Exercise objective
Would you please repeat exactly the entries below, starting at the line with "Original Wayfarer sunglasses" and ending at the line with "Misteris que segur", and nothing outside that range? Leave out the pictures.

Task inputs
....................

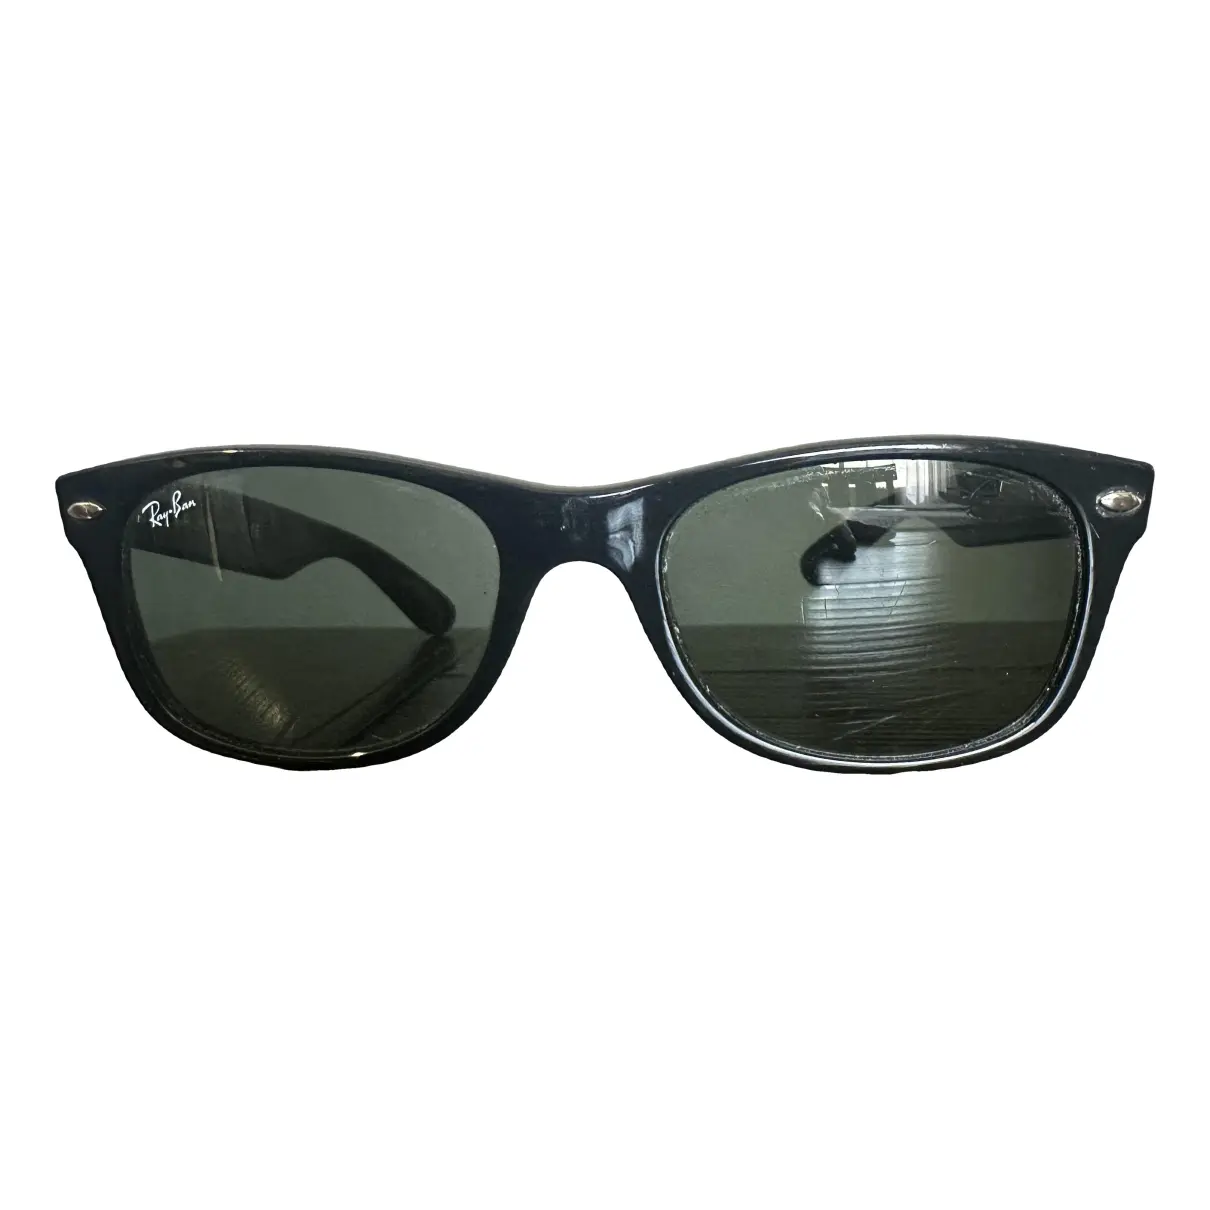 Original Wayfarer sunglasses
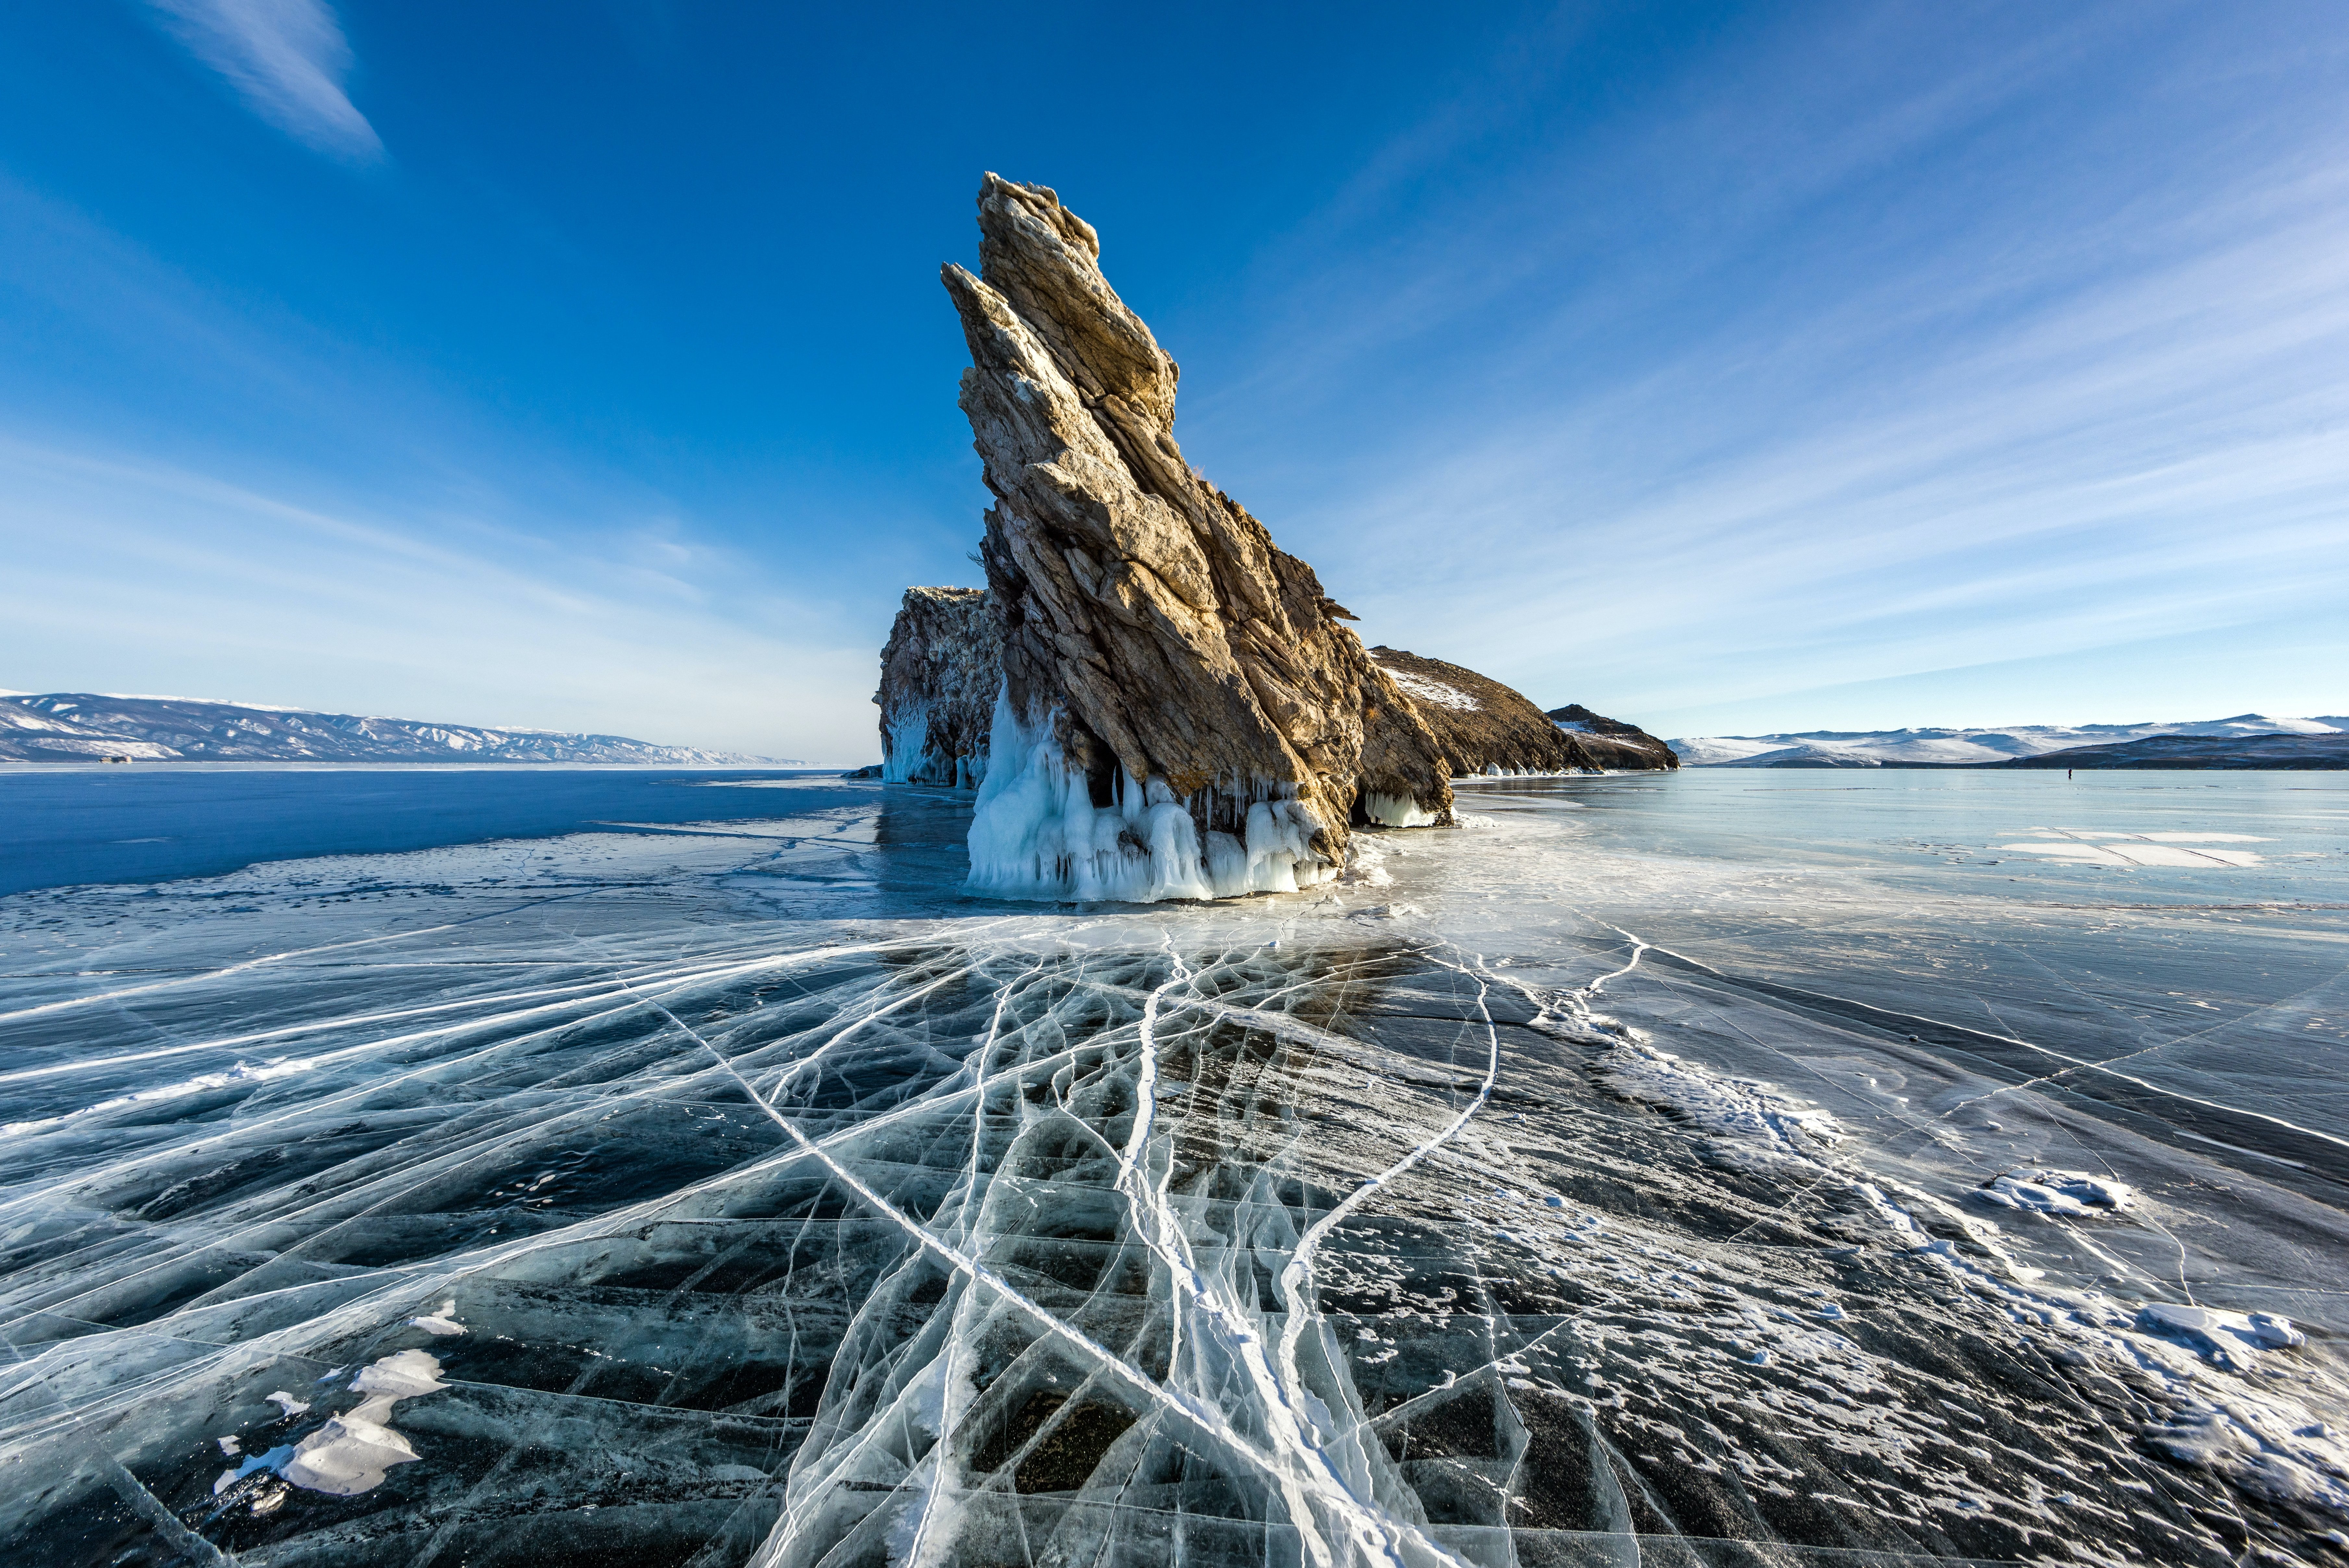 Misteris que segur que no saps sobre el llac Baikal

....................

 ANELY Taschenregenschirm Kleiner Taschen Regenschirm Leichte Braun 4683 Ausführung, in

....................

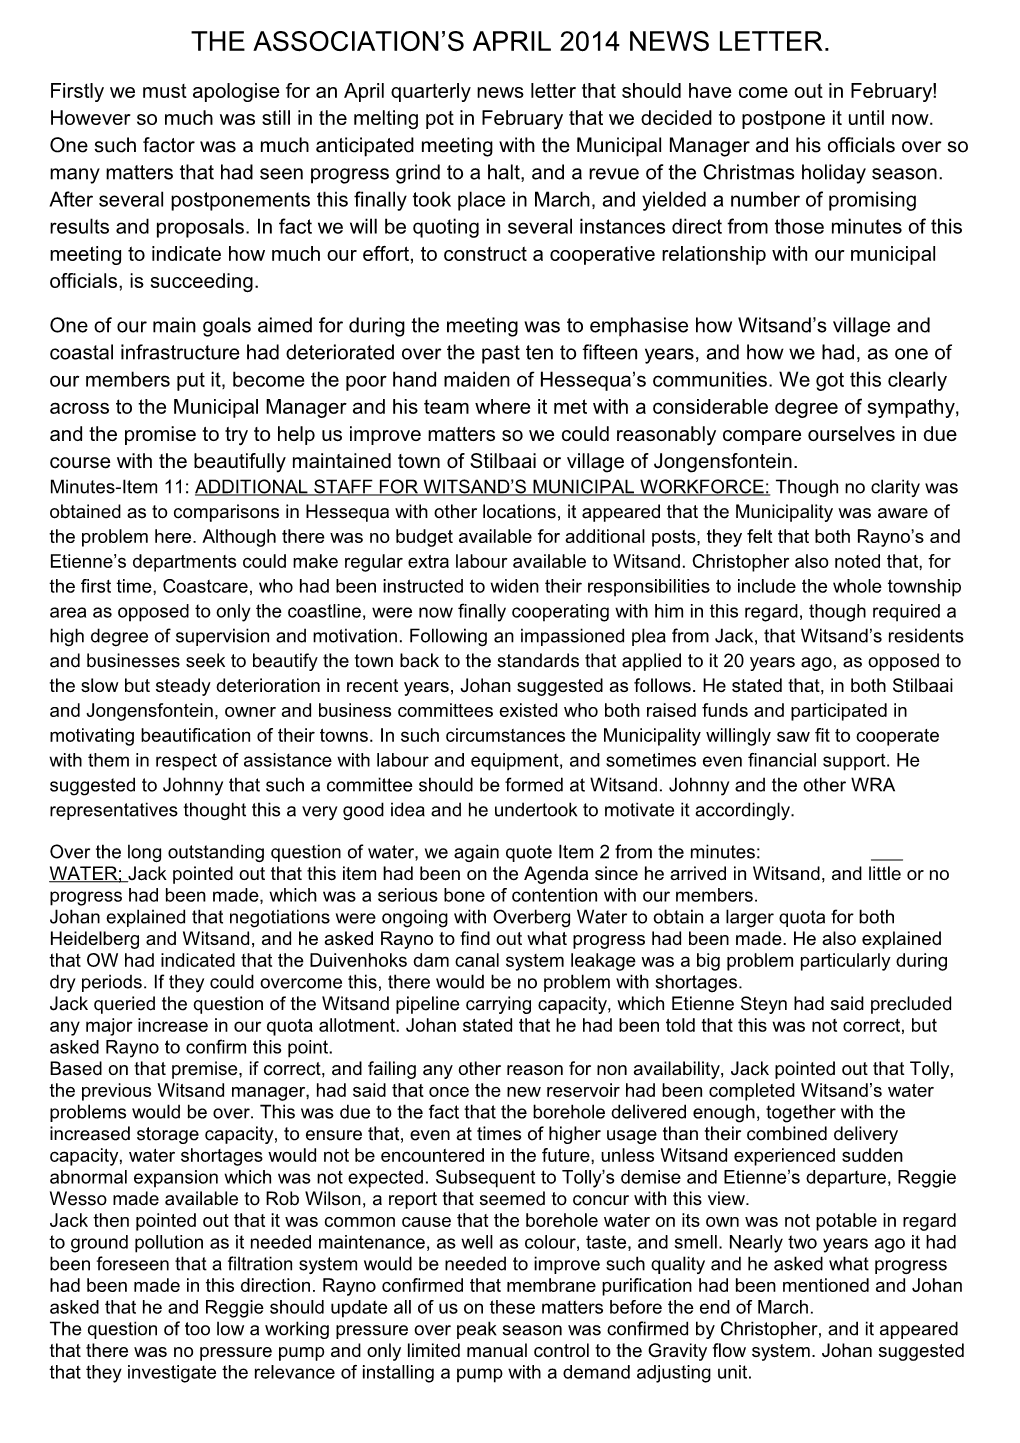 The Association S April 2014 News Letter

....................

Written solution
 Original Wayfarer sunglasses
 Misteris que segur que no saps sobre el llac Baikal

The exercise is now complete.